L’ESCATOLOGIA TRAGICA DI JACOB TAUBES

Recensione di Jacob Taubes (ed. originale 1947), Abendländische Eschatologie, Matthes & Seitz Verlag GmbH, Berlin 2007, seconda edizione [trad. it., di Giusi Valent, curata da Elettra Stimilli con revisione terminologica di Fabio Minazzi, Escatologia occidentale, Quodlibet, Macerata 2019].
Assegnare un attributo geo-culturale rende manifesto l’operato di una scelta, l’intervento di una separazione: si affaccia quella ricostruzione che prende nome di storia, «perché si situa nella decisione della verità» (p. 29). Ma la storia in quanto decisione (Entschiedenheit, ovvero il momento della fermezza) è la storia di una scissione (Scheidung) e la scissione nasce da un’opposizione, da una negazione; negazione che, nella sua riottosità, nella sua vis etimologicamente polemica, è l’affermazione del principio della libertà che esiste «solo quando è anche libertà di negare» (p. 41). Questo è quanto ha argomentato Jacob Taubes nel suo Escatologia occidentale.

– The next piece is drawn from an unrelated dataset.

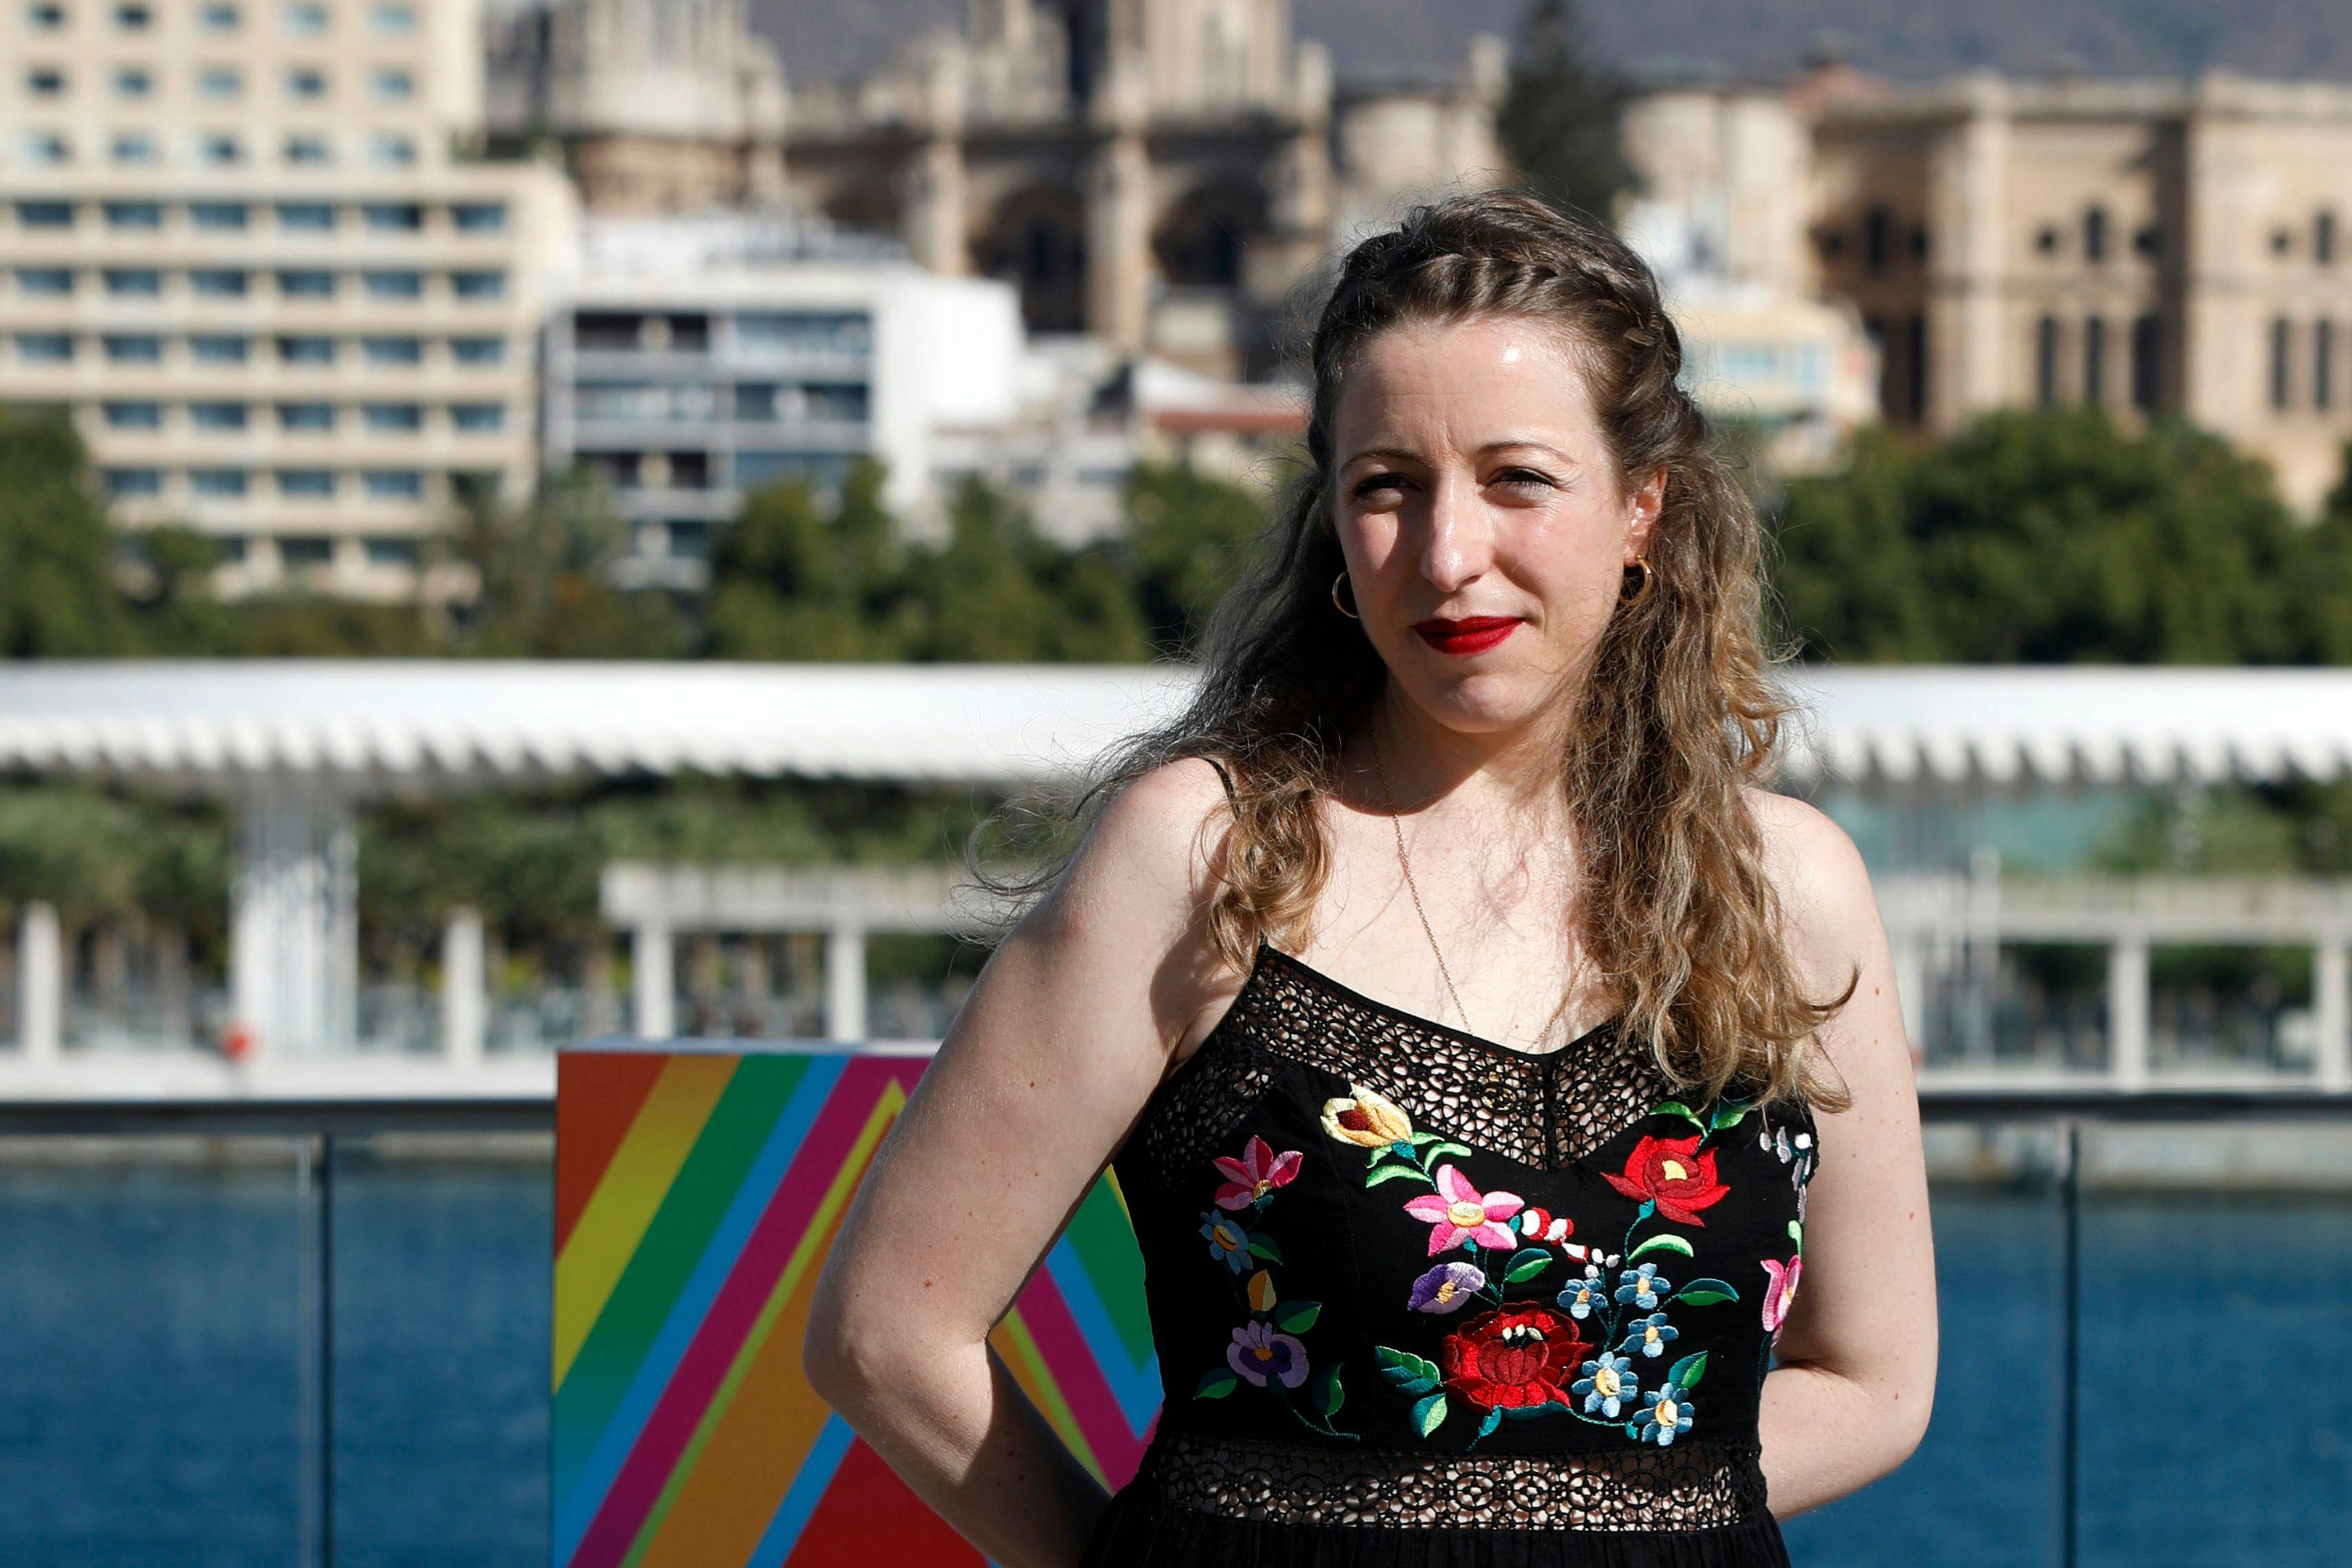 La directora Pilar Palomero posa en el photocall del Festival de Málaga
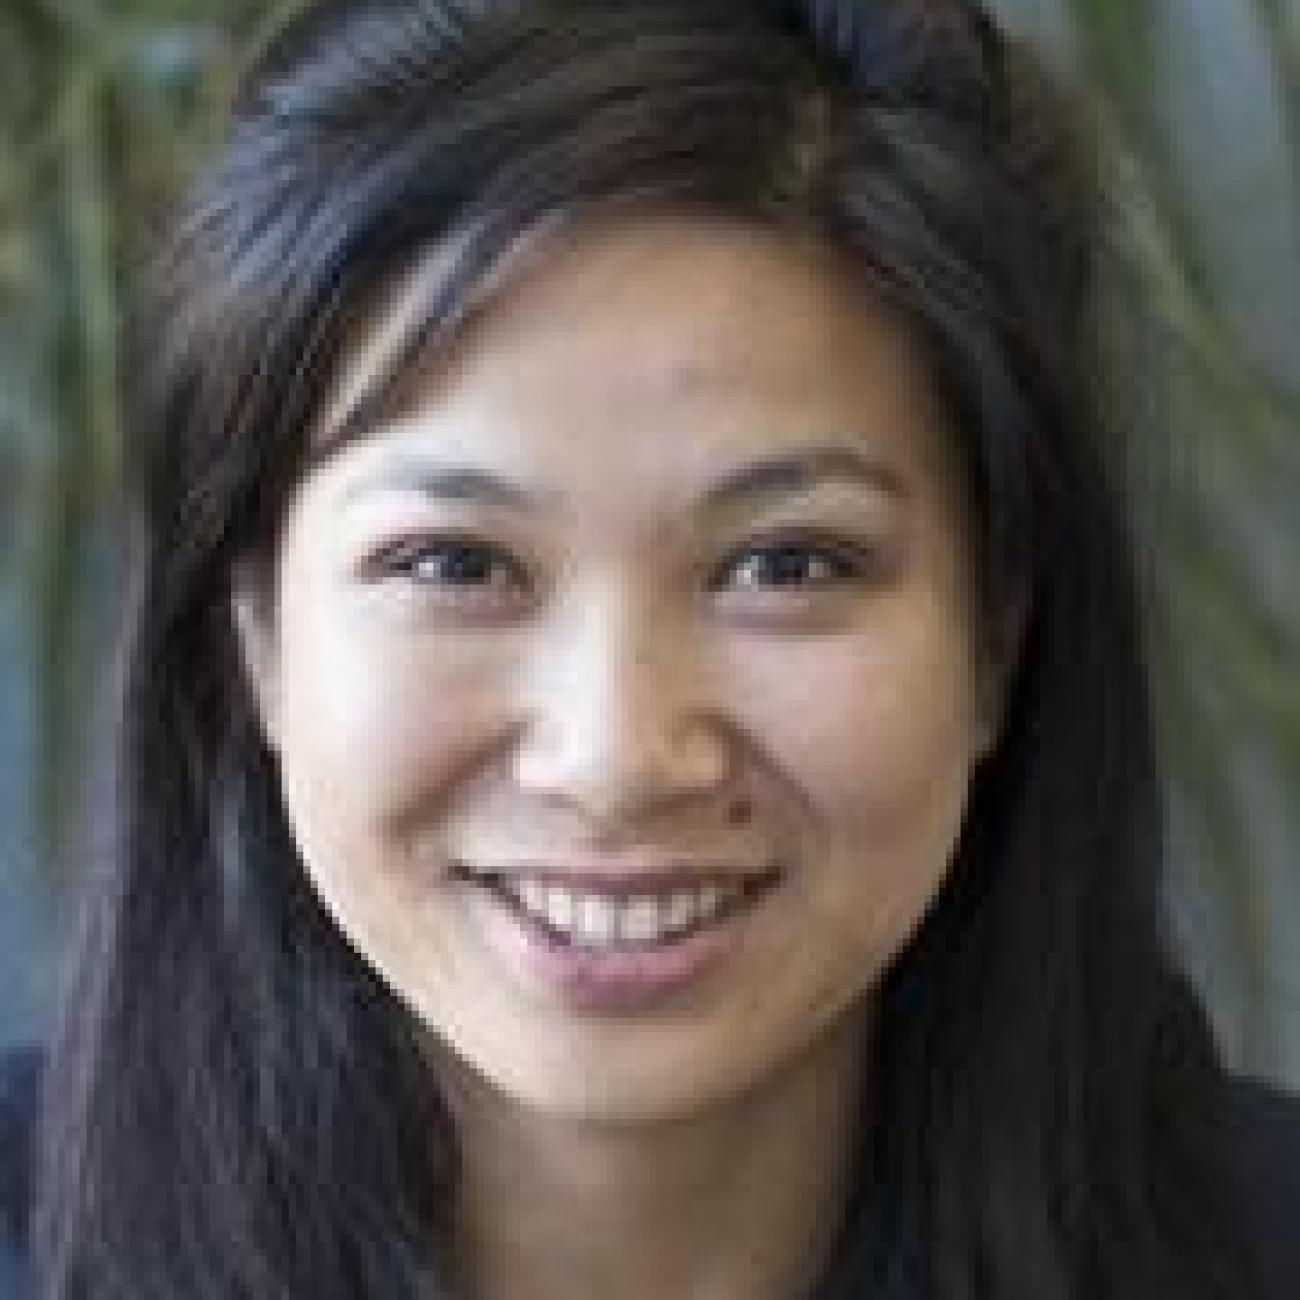 Doctor Bernice Kuang

Fin da subito, però, sorgono una serie di interrogativi che non vanno ad esaurire la problematica: che cosa si deve intendere per escatologia? Quale rapporto la lega alla storia? Come intendere in essa la libertà? E ancora, quale tempo è il tempo escatologico? Il giovane rabbino (il libro è un riadattamento della sua tesi di dottorato, pubblicato nel 1947) su questo è chiaro: è il tempo della fine (Endzeit), il tempo come fine; la soppressione definitiva di ogni tempo, il superamento del tempo che viene così ricondotto e riabbracciato da ciò da cui si è strappato, pagando il fio per questo dis-trarsi: «[v]ista a partire dalla pienezza del compimento finale, questa fine temporale è l’eternità» (p. 29). Una versione aggiornata dell’amor dei intellectualis, quel terzo genere di conoscenza codificato secoli prima da Spinoza (che stranamente, ma anche coerentemente, è praticamente assente nel volume di Taubes). Tuttavia lo spirito ebraico, per così dire, in lui insorge; la considerazione che la morte non possa essere metabolizzata, non possa essere fusa all’interno di una «mistica del logos» (così legge l’onda lunga dei Padri della Chiesa che da Origine si espande sino al Natan lessinghiano) e ricompresa in una razionalità cosmica (stoicismo): no, la morte ci fa urlare, ci deve far gridare. È incommensurabile (Šestov).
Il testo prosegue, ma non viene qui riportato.